The turn toward democracy in the Americas has been widely applauded in both the United States and Latin America. The Western Hemisphere, it is often said, is on the verge of becoming fully democratic for the first time in its history—with only Castro's Cuba now standing in the way. Some U.S. officials, present and former, give U.S. policy considerable credit for Latin America's democratic openings, while others think that the U.S. role was marginal at best. There is, however, little disagreement that the regional transition from authoritarian rule was spearheaded by Latin American opposition movements—parties, unions, women's groups, church officials, courageous political leaders, and plain citizens. And no one doubts that in recent years democratic politics has gained important ground throughout most of Latin America and the Caribbean.

Yet democracy in Latin America is far from robust. It is nowhere fully achieved, and it is perhaps most firmly established in those few countries where it was already deeply rooted and vibrant a generation ago. In most other nations, democracy is endangered by political and criminal violence, conflicts between civilian and military authorities, prolonged economic decline, and gross social and economic inequalities. Democratic institutions in much of Latin America remain weak—plagued by rampant corruption, political polarization, and growing public skepticism about government and politics. In some countries, democratic forms are still a facade; in others, they are precarious and vulnerable. [End Page 16] Latin American democracy today needs reinforcement, not premature celebration.

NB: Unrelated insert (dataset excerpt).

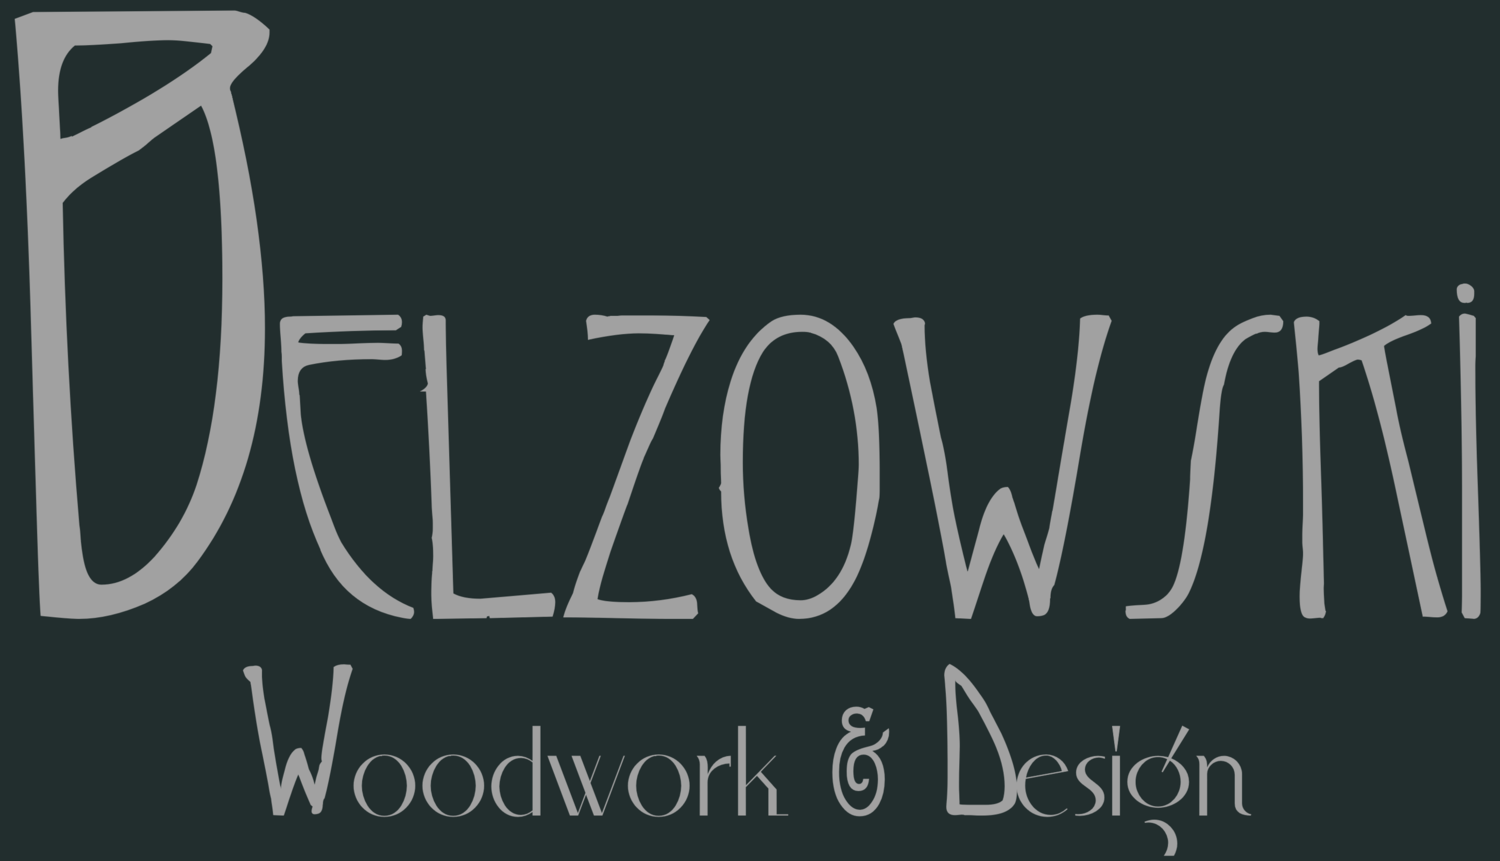 Belzowski Woodwork & Design

The Trend Toward Democracy

Latin America's democratic progress in the 1980s was real and significant, as encouraging in its way as the collapse of communist rule in Eastern and Central Europe. In country after country, military regimes and personalist dictatorships gave way to elected civilian governments. In the final months of the decade, Brazil held its first direct presidential elections since 1960 and Chile its first since 1970—thus bringing civilian presidents to office in every country of South America for the first time in a generation. Nicaragua's elections in February 1990 were the most open and competitive in that country's history, and elected civilian governments are today in place in every nation of Central America. At the beginning of 1991, Fidel Castro's regime in Cuba remains the only consolidated and unambiguously authoritarian government still ruling in Latin America.

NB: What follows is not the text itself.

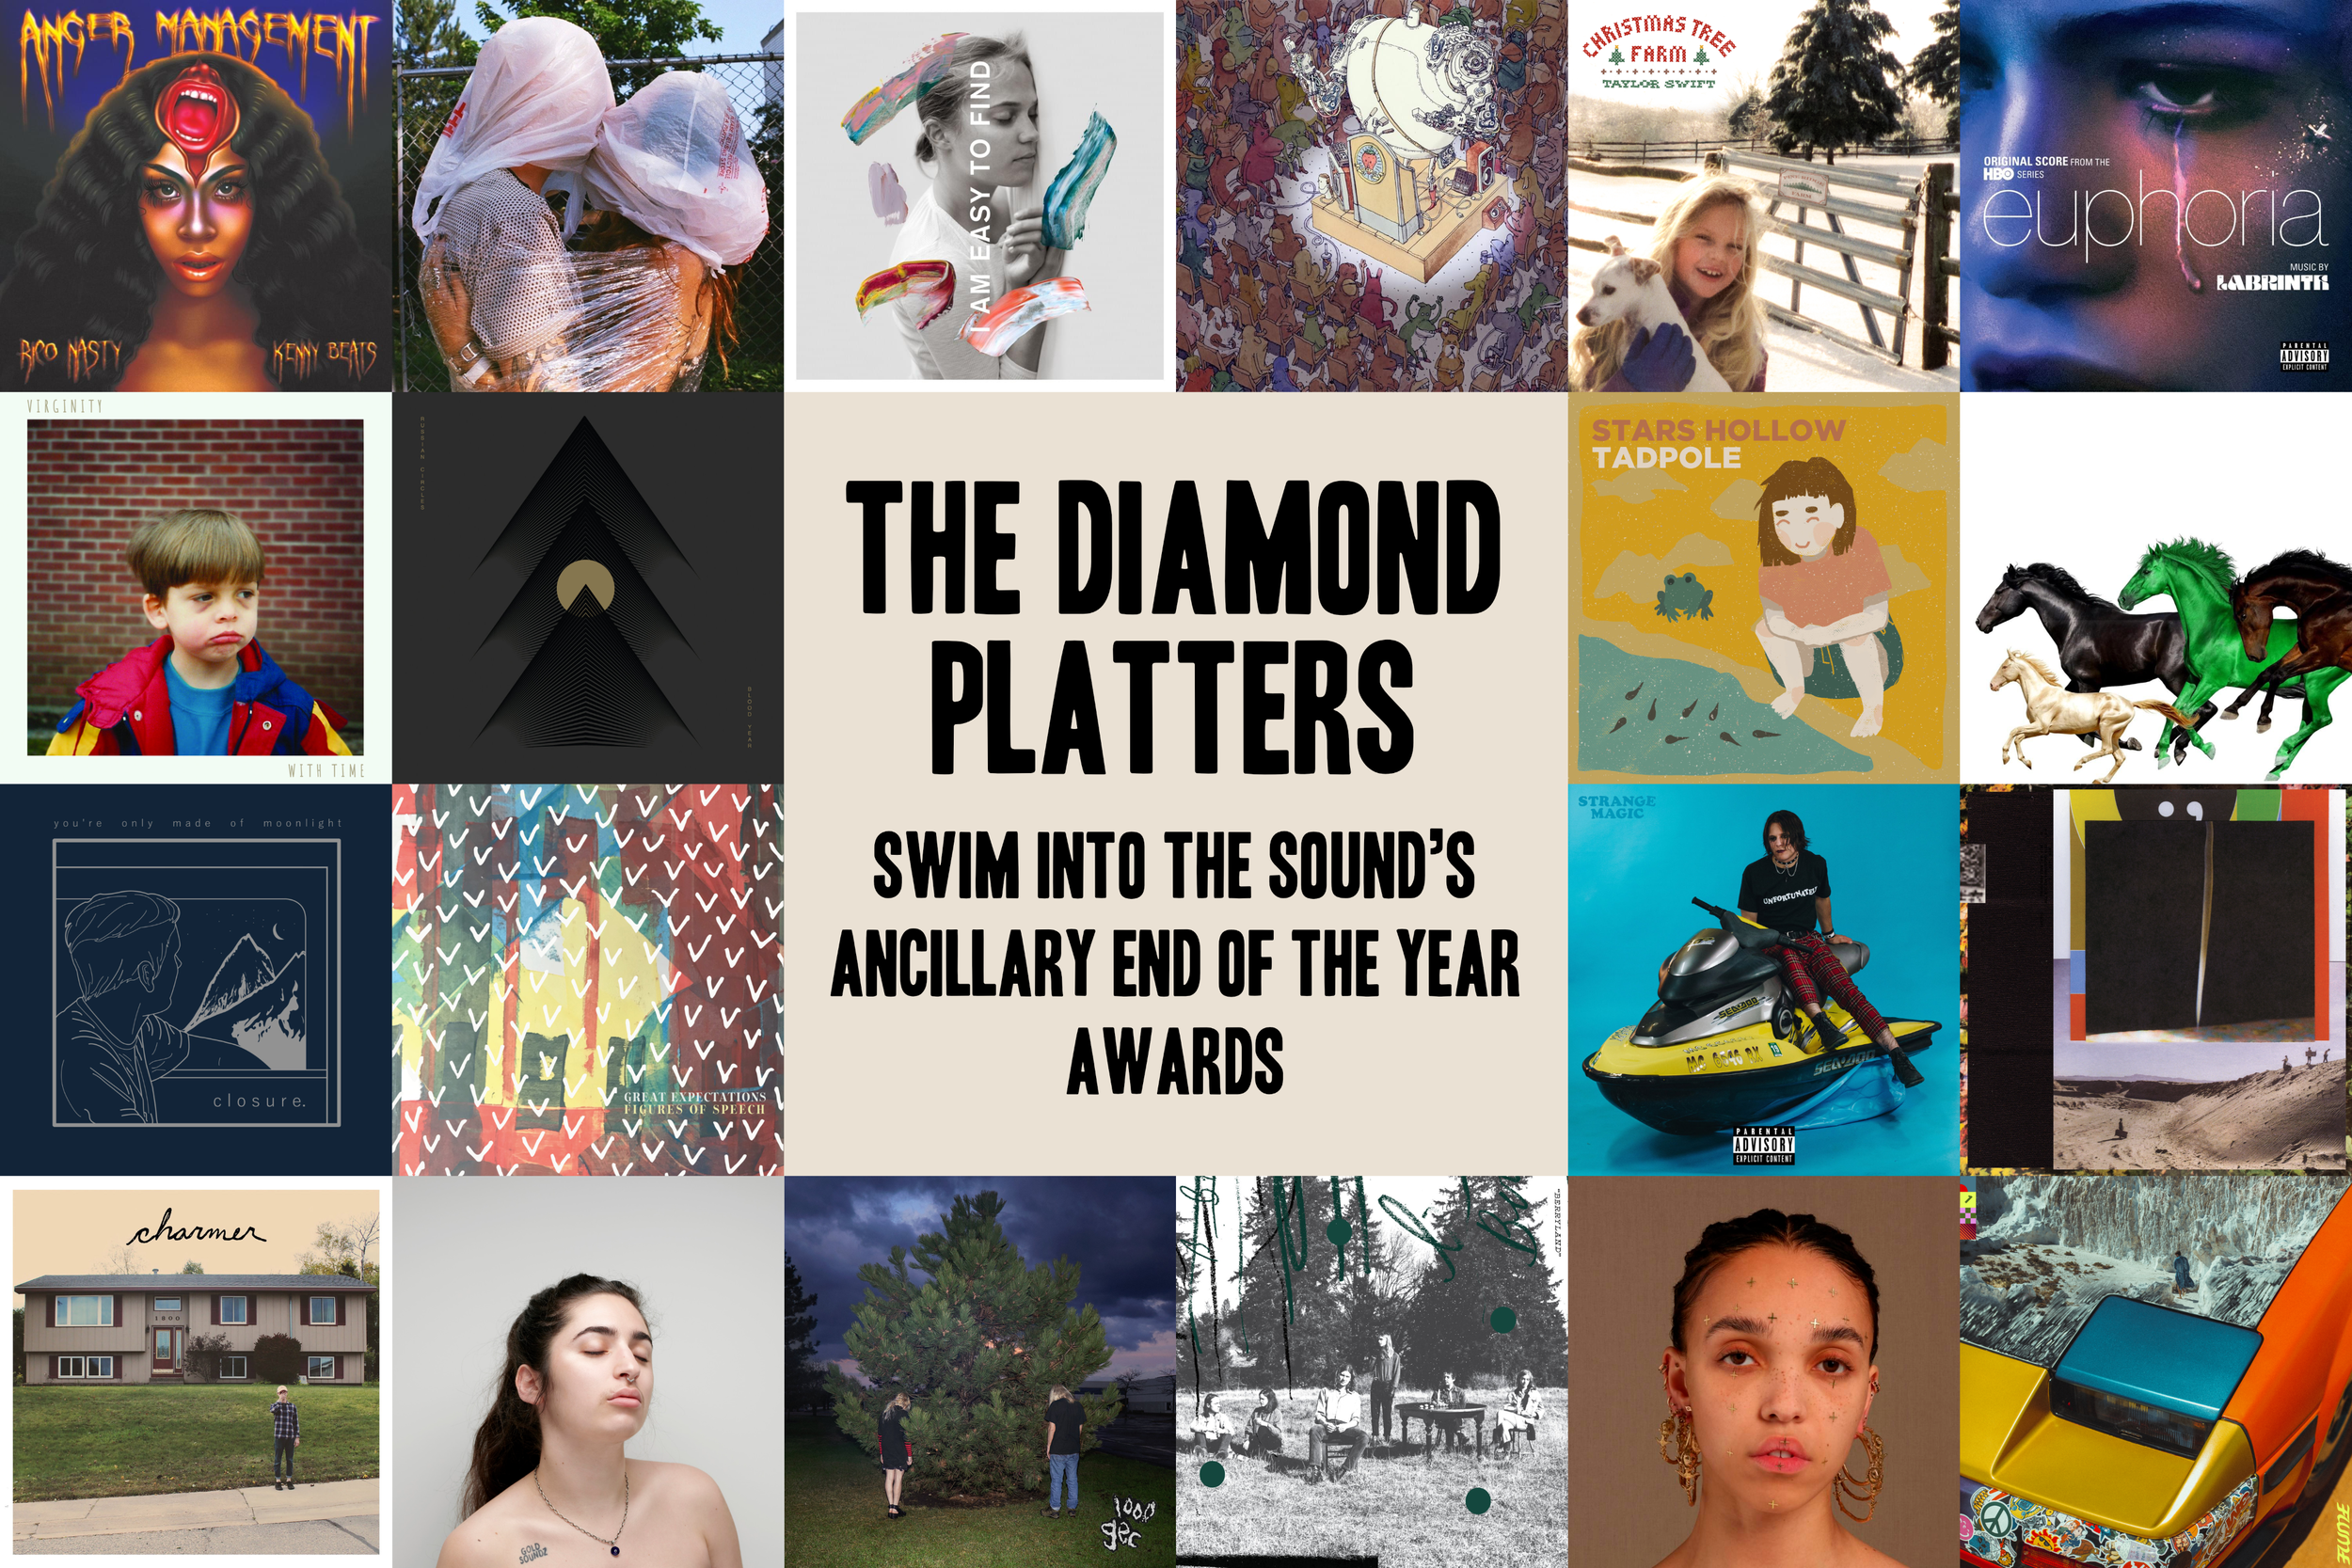 The 2019 Diamond Platters

Government office, if not always power, is now usually transferred peacefully from one elected president to another throughout Latin America. In recent years, incumbent administrations have yielded office to elected opponents in countries as diverse as Argentina, Bolivia, the Dominican Republic, Ecuador, Jamaica, Peru, and Uruguay—in some cases for the first time in memory. Not since 1928 had one democratically elected president succeeded another in Argentina before Carlos Menem replaced Radl Alfonsfn in 1989. In the face of economic crisis and terrorist threats, Peru has held three consecutive presidential elections for the first time in nearly a century. In economically traumatized Bolivia, frequent military coups have given way to three successive elections.

Even in countries where elections have remained flawed, important democratic gains have been registered. Although the balloting was marred by credible charges of fraud, Mexico held its most competitive presidential contest in more than a generation in 1988, and popular pressures are building for the further opening of Mexican politics. Despite severe restrictions on political participation in most Central American countries, elections have come to be accepted as the only legitimate route to office in that region. The 1989 presidential vote in Paraguay—called after a military coup ended Alfredo Stroessner's 35 years of dictatorial rule—was organized too hastily to be fairly contested; it did, however, allow opposition parties to campaign, express dissent, and begin mobilizing support. By nullifying Panama's national elections in 1989, General Manuel Antonio Noriega only underscored the massive popular repudiation of his regime. After several failed attempts to hold free elections in Haiti following the downfall of the Duvalier dynasty, an [End Page 17] internationally supervised presidential vote finally took place in December 1990.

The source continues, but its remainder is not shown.